Presenting Manhattan’s Cheapest Mansion? Developer Yassky Chops East 78th Spread to $16.9 M.
Property Shark

Even during these dreary times, the ambition that carries on in Manhattan real estate is practically Shakespearean. People who spend many millions of dollars on a chunk of luxury property one day seem to believe that chunk will be sellable the next for many millions more.

On Aug. 11, a limited liability corporation controlled by Charles Yassky, a developer and real estate investor, paid $13.2 million for a 36-foot-wide red-brick mansion at 122 East 78th Street.

The building, split into two floors of offices and three floors of small apartment units, went on the market two weeks ago for $18.9 million, slightly more than 43 percent above what Mr. Yassky paid just three months ago. Last week, his price came down to $16.9 million, still $3.7 million more than August’s sale.

“Well, look, I’m in the real estate business, O.K.?” Mr. Yassky said this week, reached at his office. “I buy houses to renovate, and I buy houses to sell. It’s a financial transaction. I’m in business to buy and sell. That’s what I do.” As it happens, the Department of Buildings shows he hasn’t done any renovation there. Still, he pointed out that between brokers’ fees, mortgage payments, recording costs, taxes, insurance and upkeep, profits on these kinds of flips can be significantly lower than they seem.

Mr. Yassky, whose holdings include shopping centers and Manhattan apartment buildings, was last in the news in 2004, when the mega-broker Michael Shvo was forced to take an ethics course because of his dealings with the investor: The two simply visited one of Mr. Yassky’s developments together without the building’s exclusive broker, who then complained.
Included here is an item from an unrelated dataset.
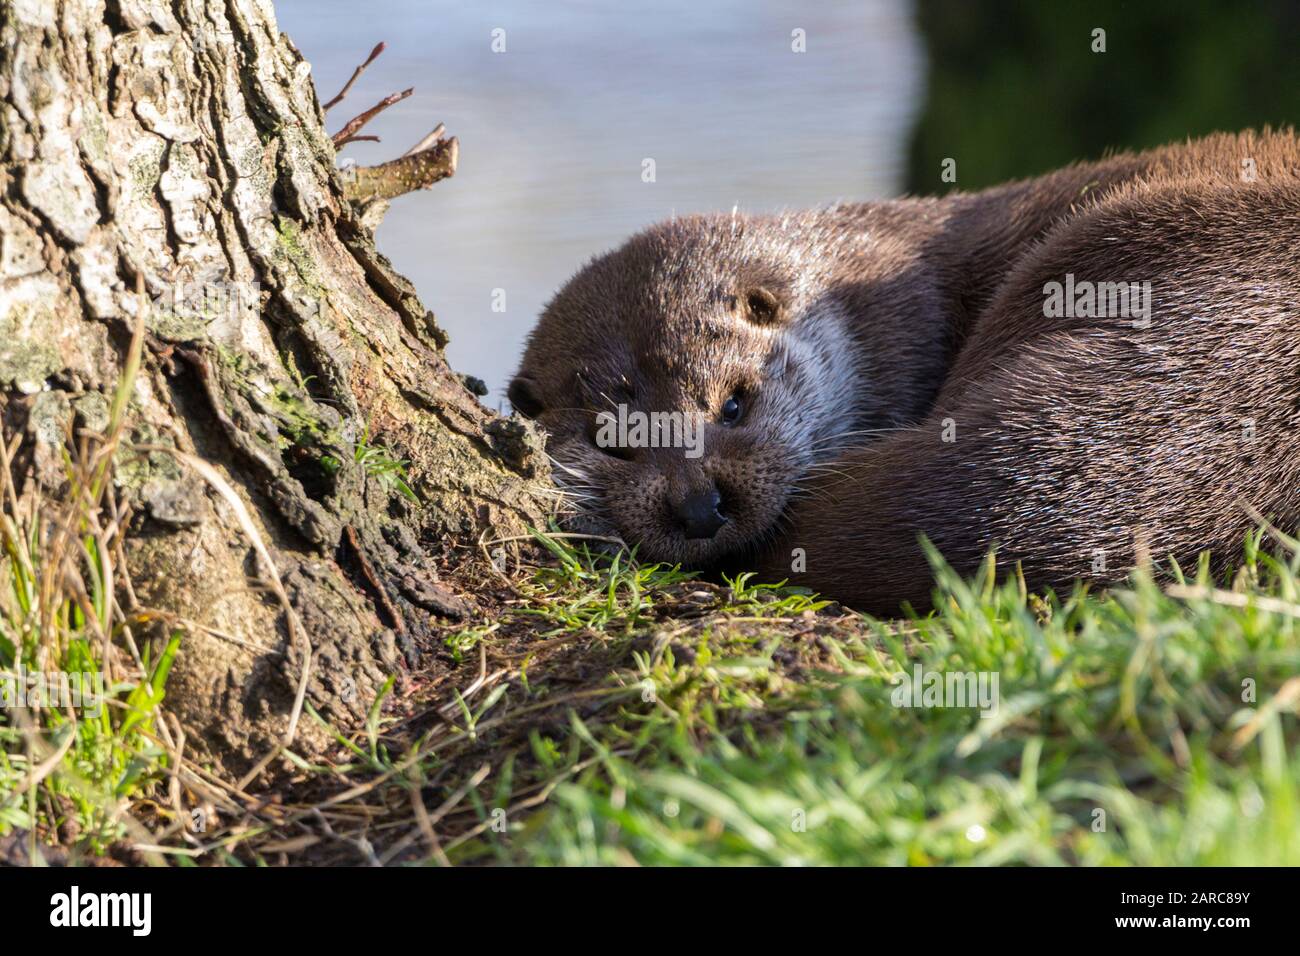 Otter Lutra lutra aquatic mammal dog like face small ears long white whiskers long body and strong thick tapered tail. Has short legs and webbed feet Stock Photo

As for the East 78th Street mansion, Mr. Yassky said it now costs only about $1,100 per square foot—“the lowest-priced mansion in Manhattan.” But the research Web site PropertyShark lists the building at 13,734 square feet, which means the current price per square foot is $1,230. “Now you’re getting yourself into a logjam of facts,” he told this reporter. “The building is in excess of 15,000 square feet.”

Either way, a listing with Brown Harris Stevens says the mansion is “ready to be converted to a single-family residence,” though phone records suggest there are still several tenants. “Let’s just say my attorney has advised me not to discuss the tenancy of the building. Period,” Mr. Yassky offered. Joanna Cutler shares the listing.

A deed filed in city records this week shows that he just bought a $2.275 million apartment at the Olympic Tower on Fifth Avenue. It’s not clear if he lives there, but it’s apparently his third unit on the same floor.